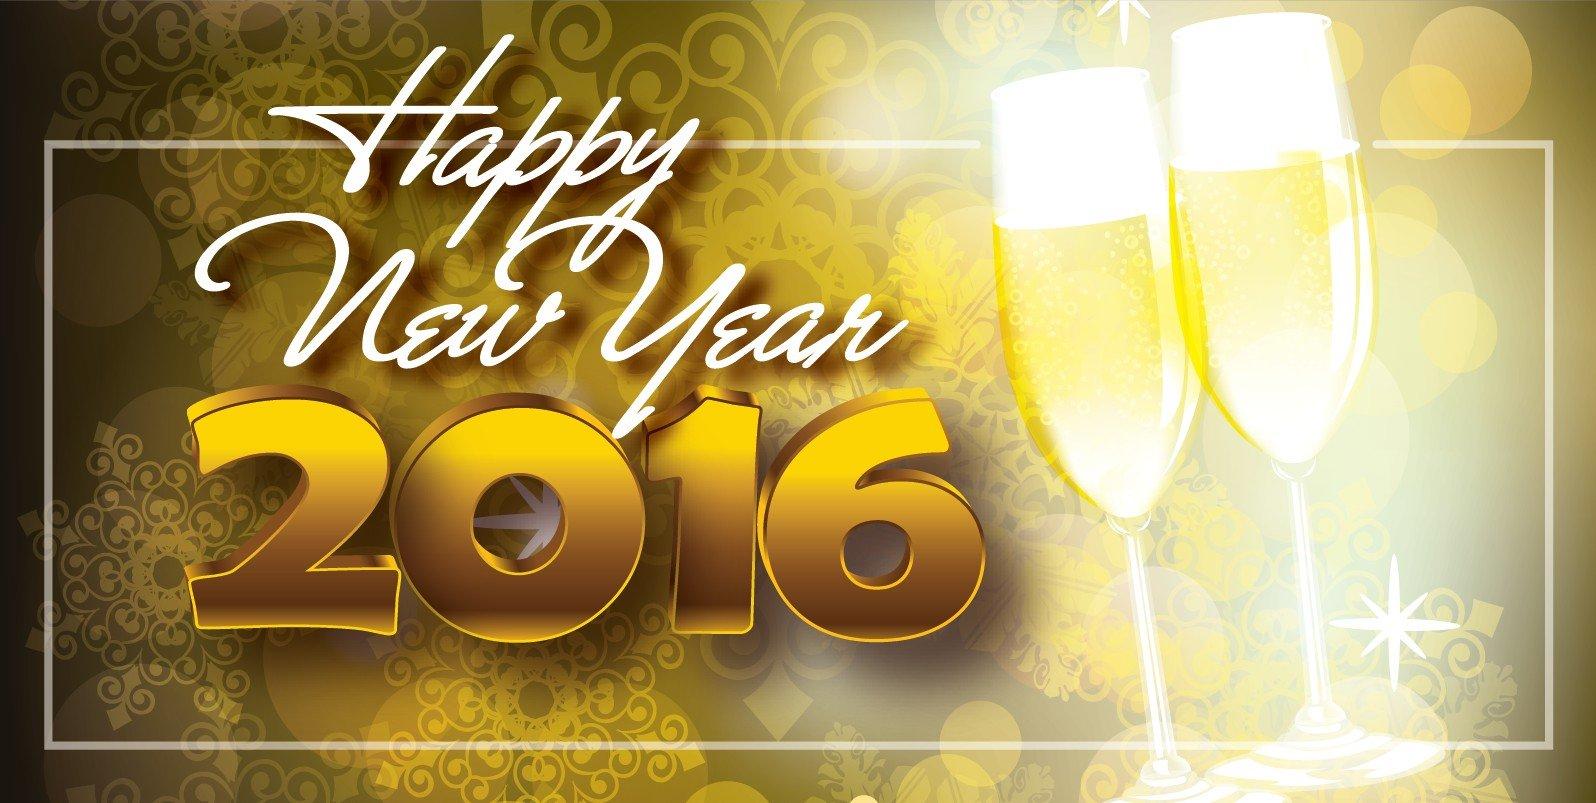 New Years '15 Web Image
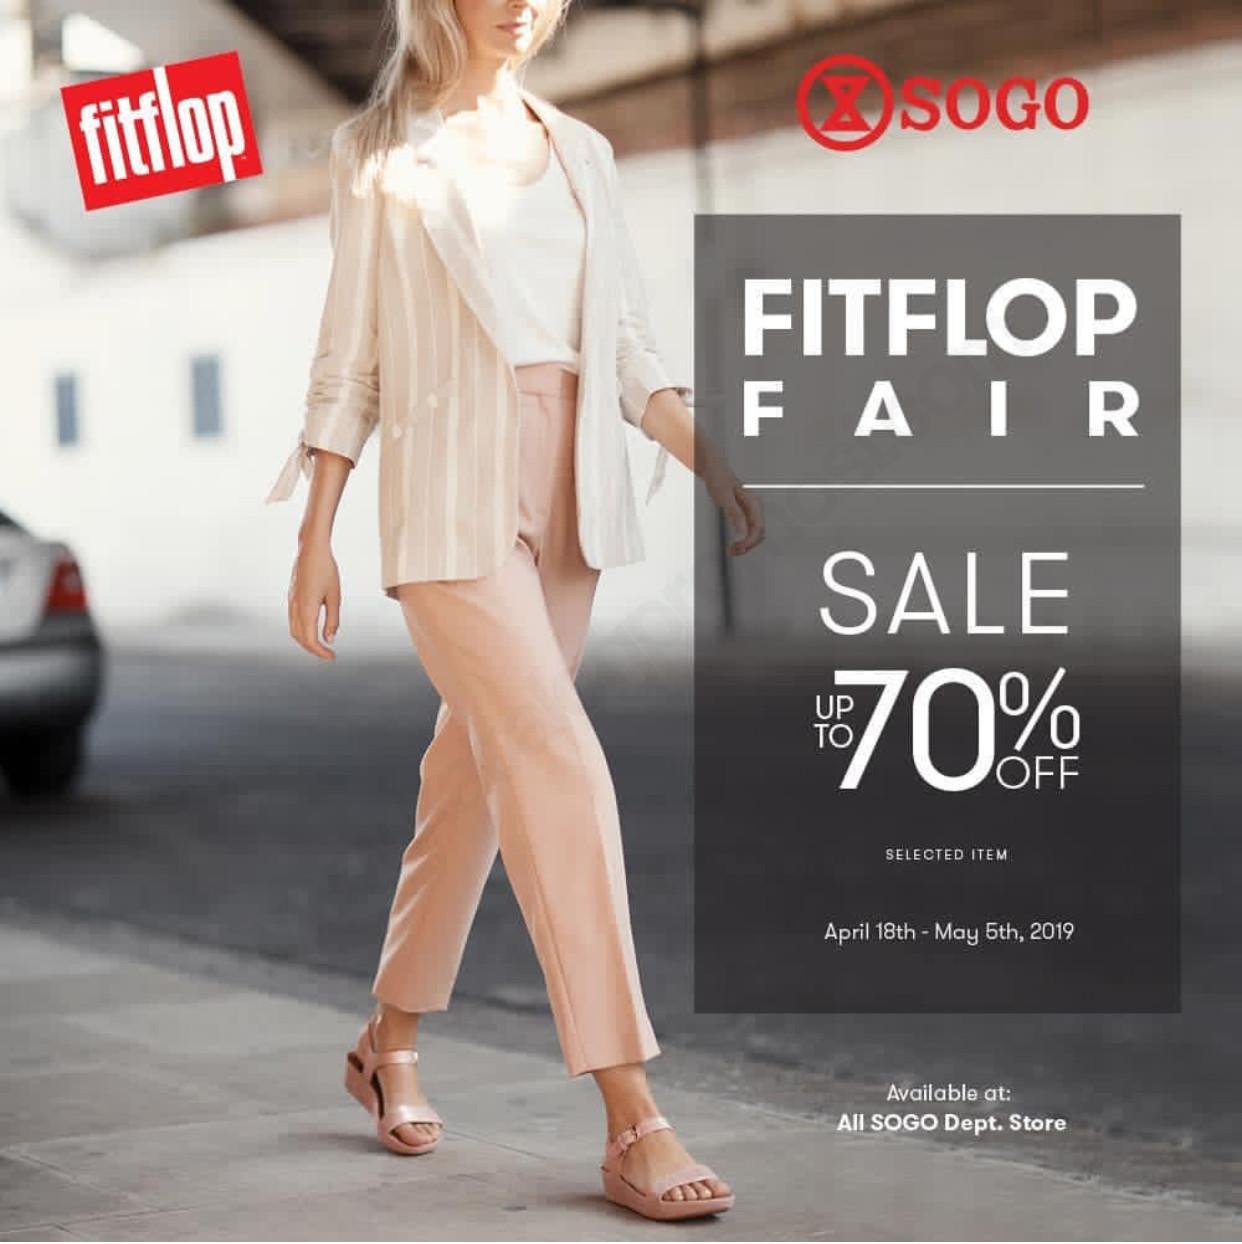 Diskon SOGO Department Store FlipFlop Fair Diskon sampai 70%
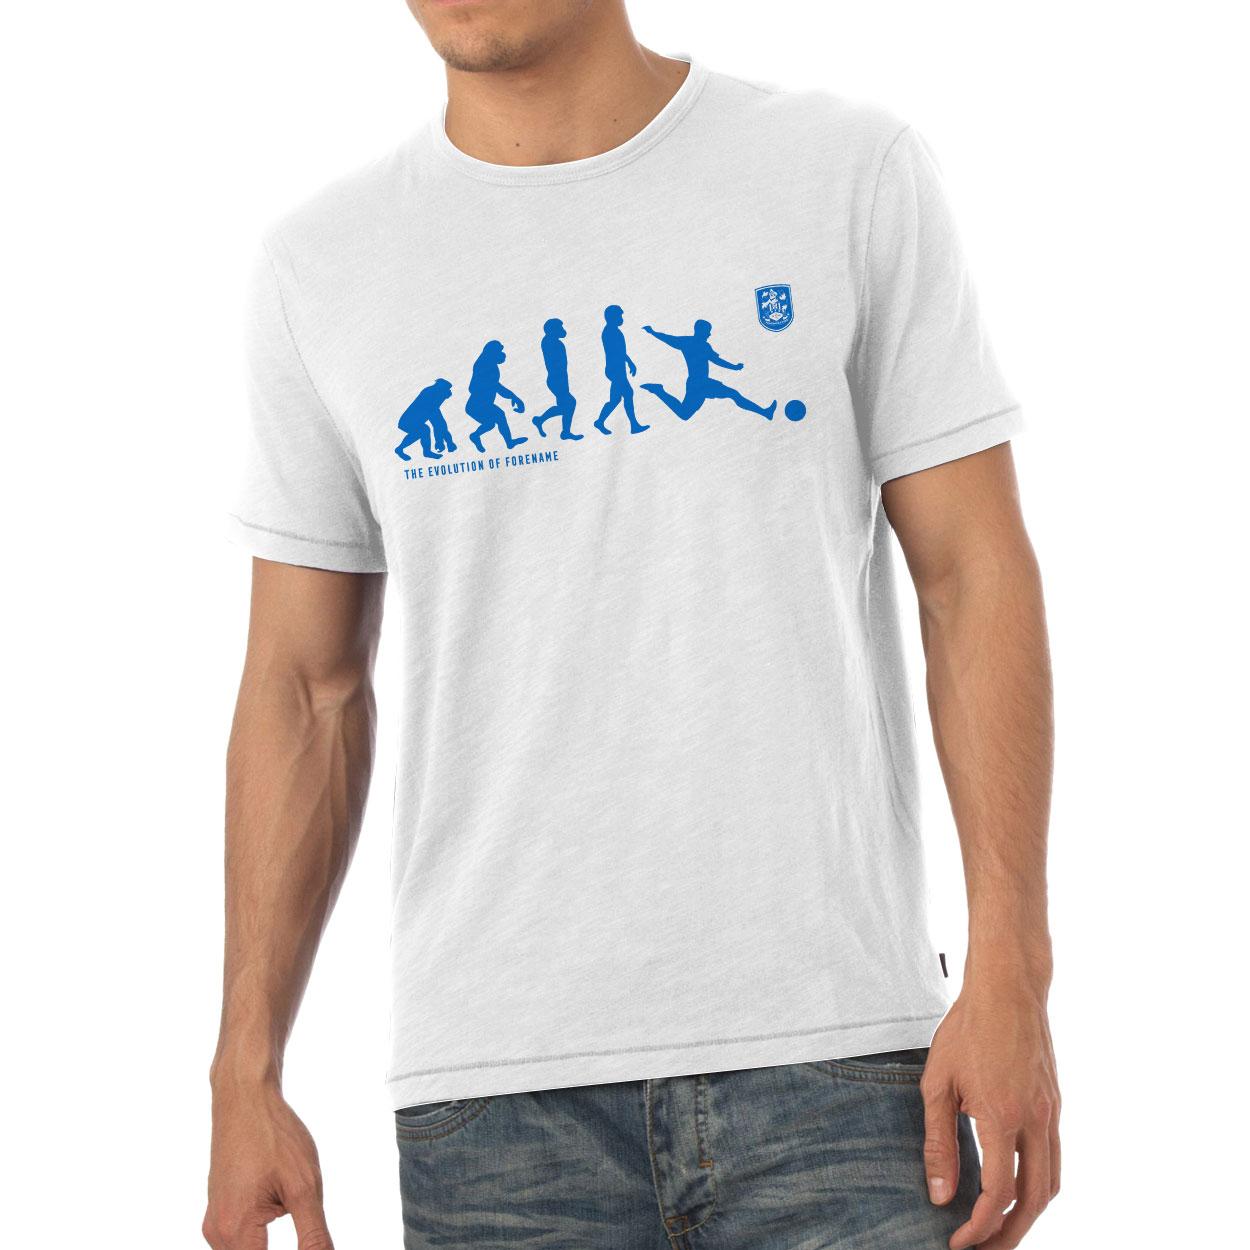 Huddersfield Town Evolution Mens T-Shirt
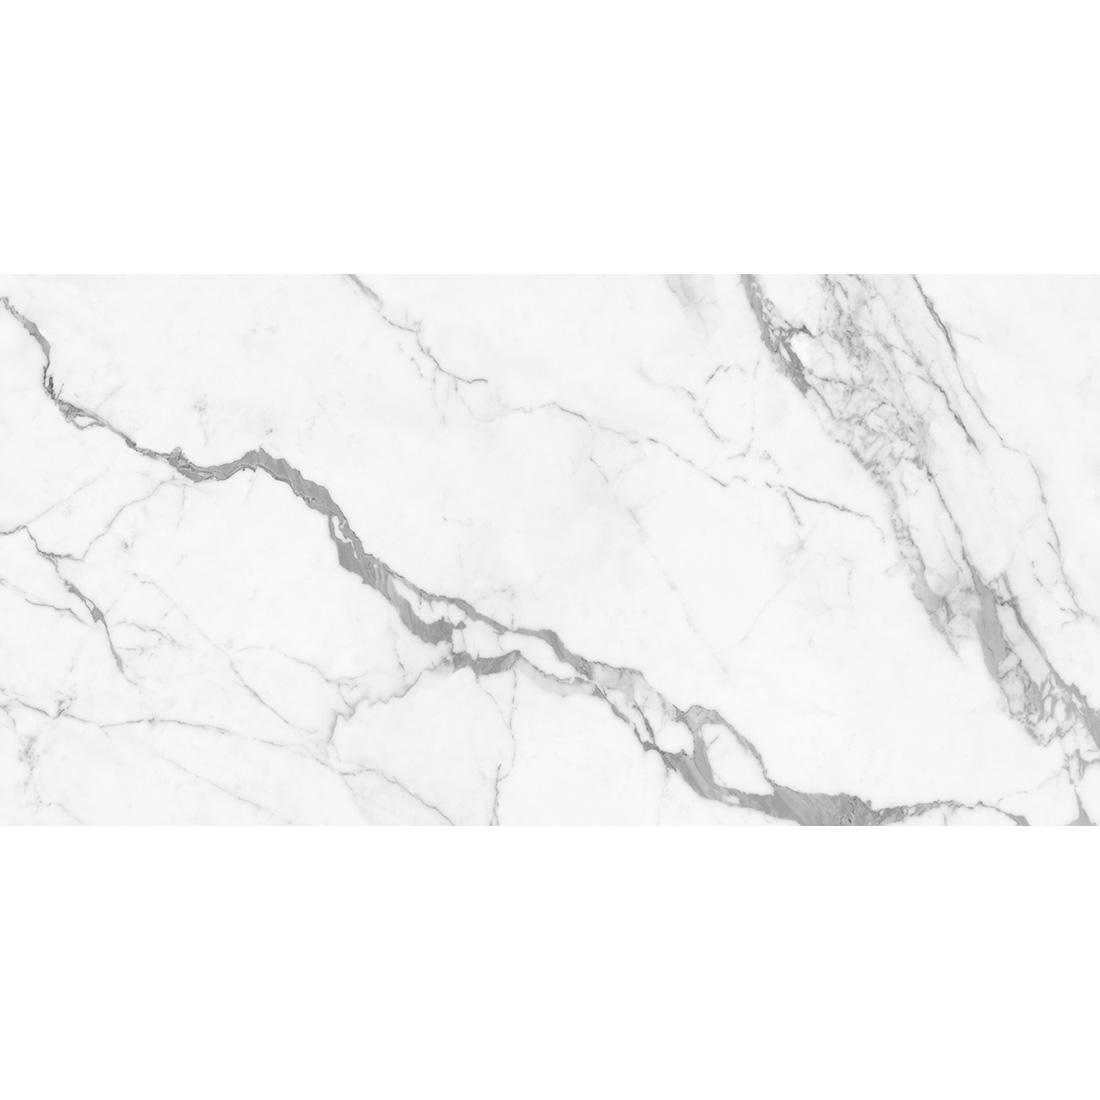 Nordico 60x120 White Polished
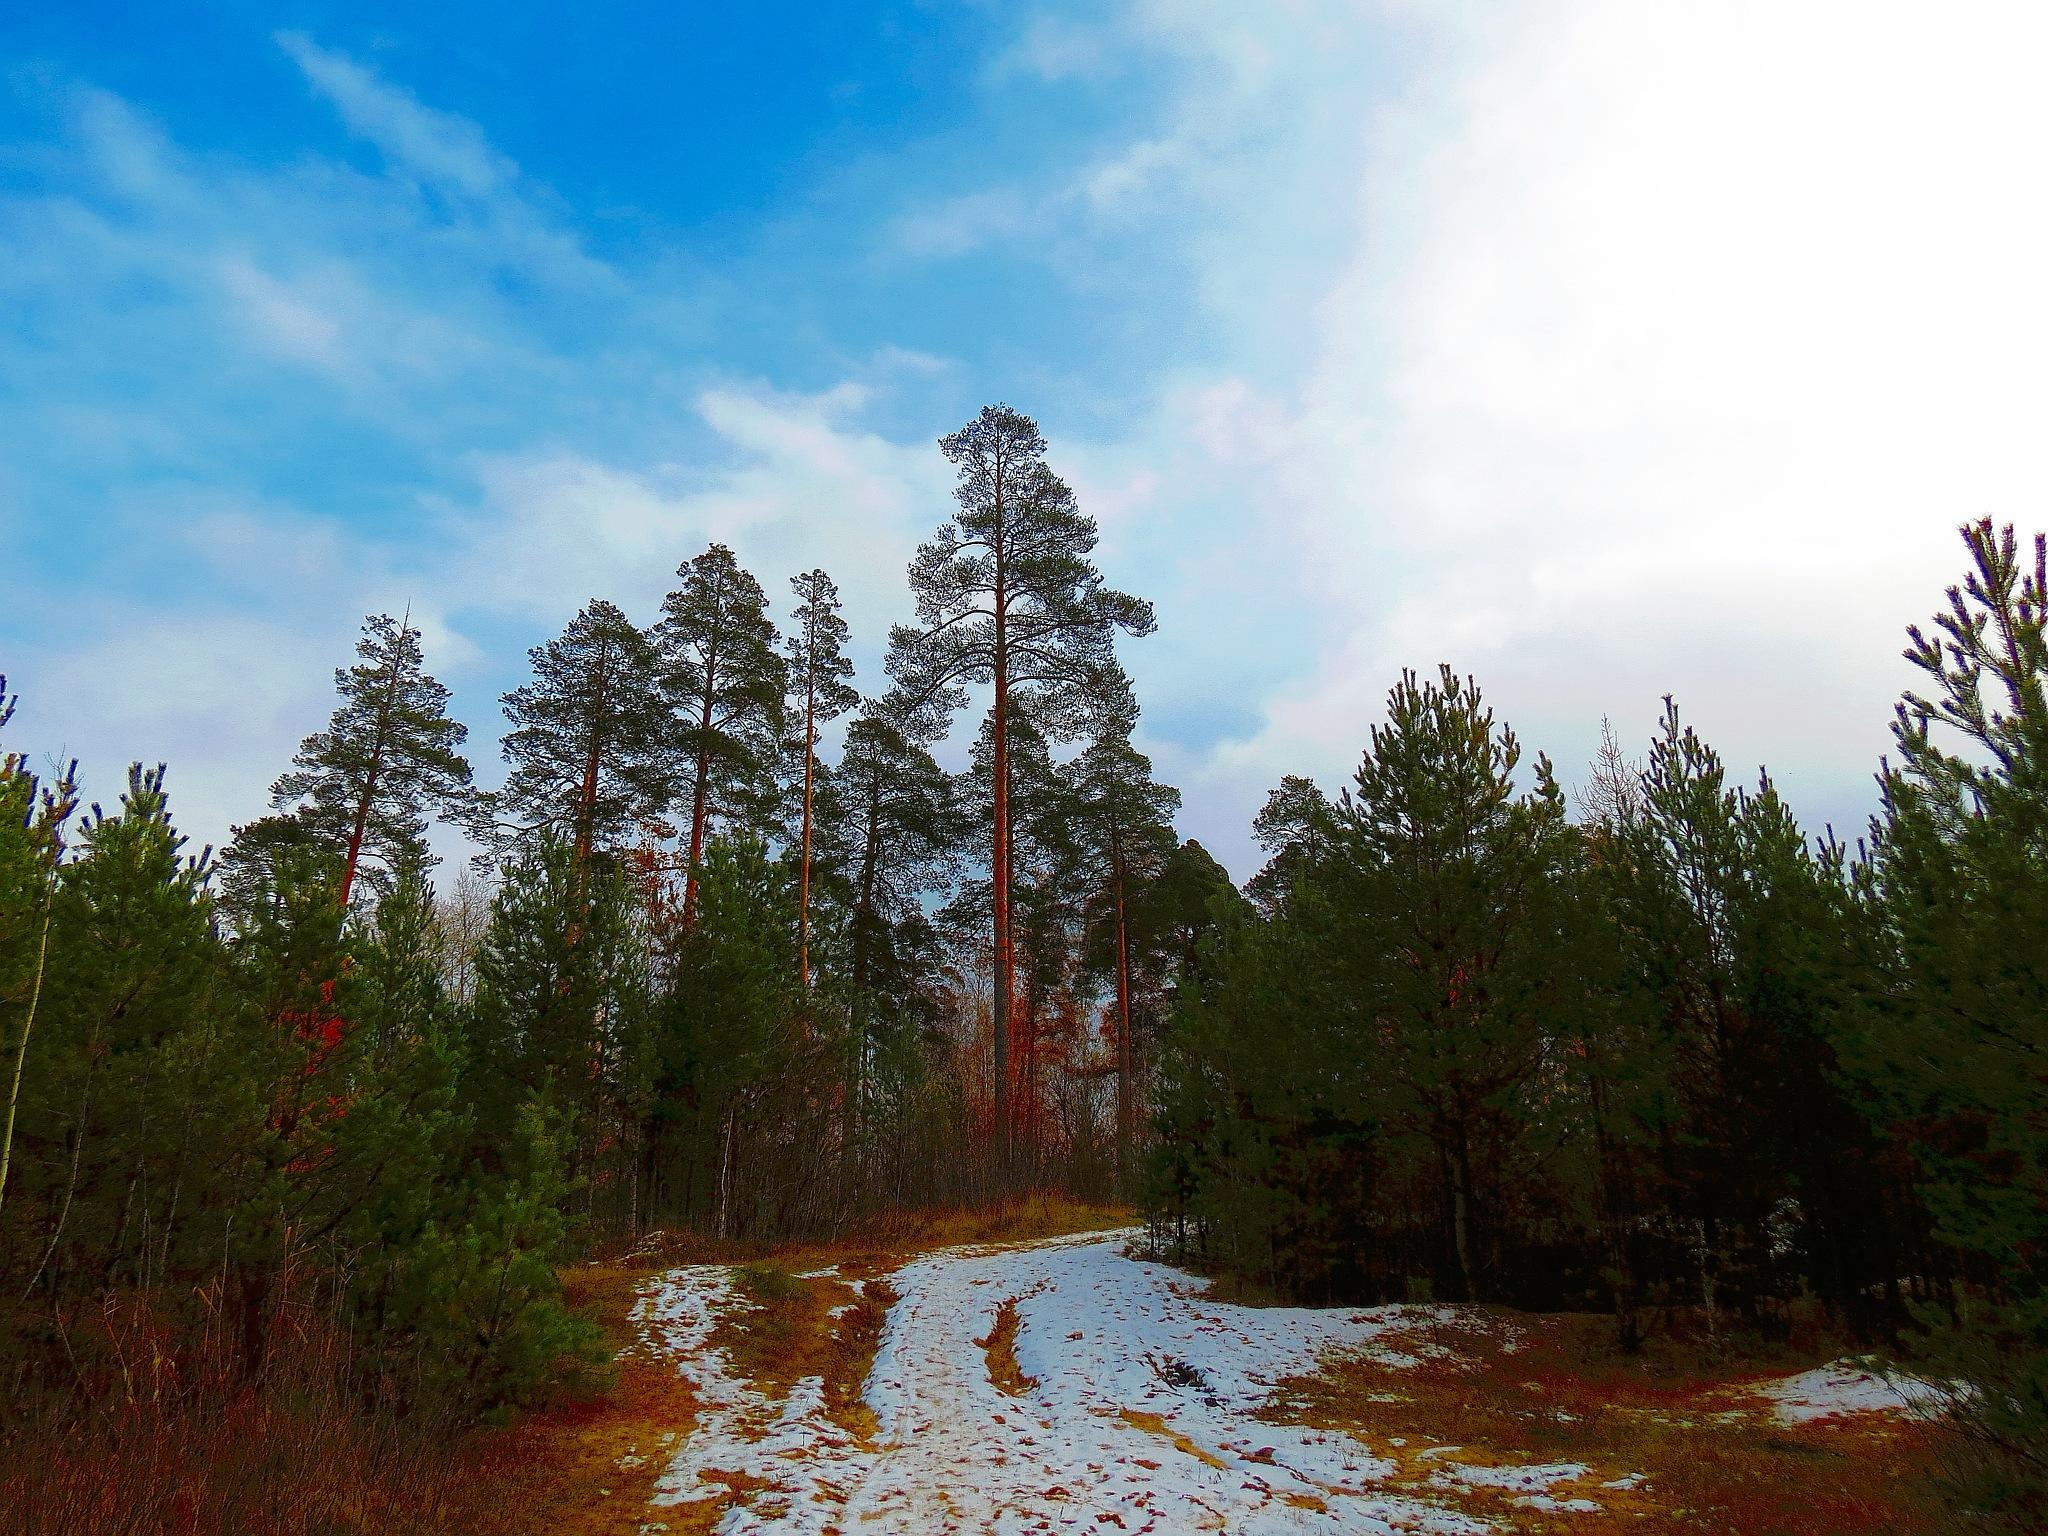 Pines Giants by sergey.parfeniuk

Requirement: The lines to copy run from the one with "Nordico 60x120 White Polished" through the end of the material. Write them out exactly, leaving out the pictures.

Solution for this task:
 Nordico 60x120 White Polished
 Pines Giants by sergey.parfeniuk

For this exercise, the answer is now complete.